Trump supporters are less inclined to engage in behaviors that help stop the virus from spreading, such as wearing masks that will be needed for some time even after there is an approved vaccine, and are more likely to be against staying at home orders. If they still feel loyal to Trump after leaving office in 2021, they could be an important part of the solution when it comes to the vaccine.

But approval of the Trump vaccine could have other consequences: If Trump supports the vaccines that may be approved, are Democratic voters less likely to receive them? Yes, Trump can change the minds of his own voters, and he can also change his opposition's mind in the opposite direction: the recent drop in Democratic confidence in a potential vaccine could be related to Trump's rhetoric.

"You are right to worry about lower Democratic confidence, but I think that could be mitigated if scientists support the vaccine too – people like (Dr. Anthony) Fauci and others in the FDA / CDC," says Barber.

Trump cannot resolve the hesitation of the vaccine on his own

Of course, Trump, who inspires his followers to take the vaccine, doesn't solve the general problem of hesitation. Polls also show that women and black Americans, groups that generally listen to Trump less, are more hesitant.

It's not just that people are afraid that science will be rushed or that administration will make policy with the approval process. As I reported in August, people are also concerned about costs and access.

The lesson here is not that Trump can fix this huge mess he made.
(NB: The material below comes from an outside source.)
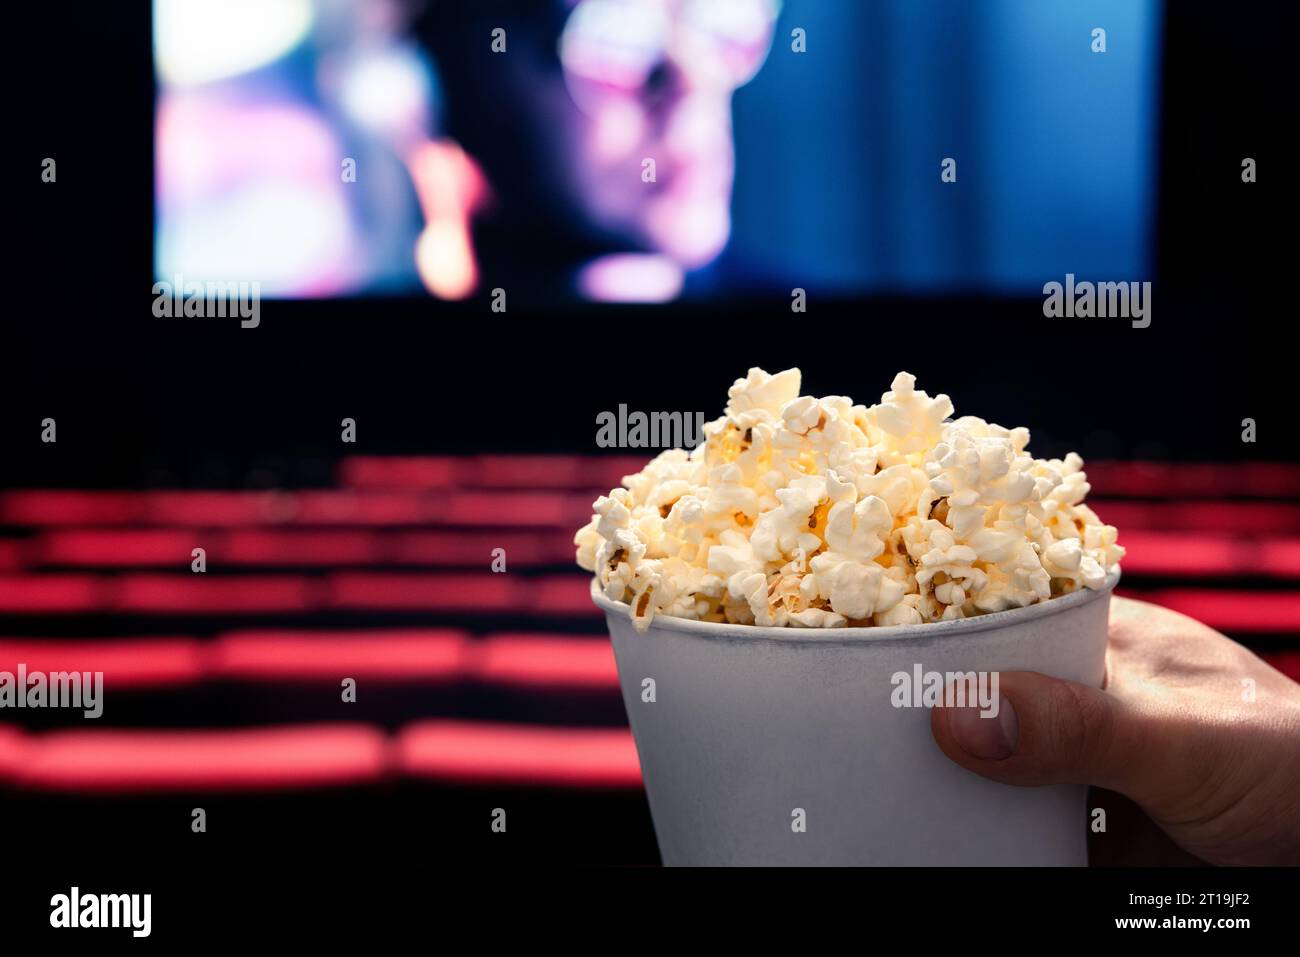 Film e popcorn. Uomo che tiene una scatola di pop corn al cinema. Azione, thriller o intrattenimento scifi sullo schermo. Posti a sedere rossi in teatro scuro. Spuntino salato. Foto Stock

Anyone in power who has an influence over public opinion should encourage their supporters to receive the vaccine if it is deemed safe and effective by the scientific community. The news needs to be especially clear and consistent, as both of the most promising vaccines – Moderna vaccine and Pfizer's – require two doses. People need to be motivated to sign up for not just one but two shots.

There is so much about the US response to the botched pandemic. We failed early testing and then didn't scale it. We haven't been able to keep track of contacts and safely reopen many of our communities. But we haven't screwed up a vaccination campaign yet.

There is still time to get it right. Trump endorsing a vaccine that has been shown to be safe and effective is a decent start – even if it comes with a bunch of inappropriate bragging rights.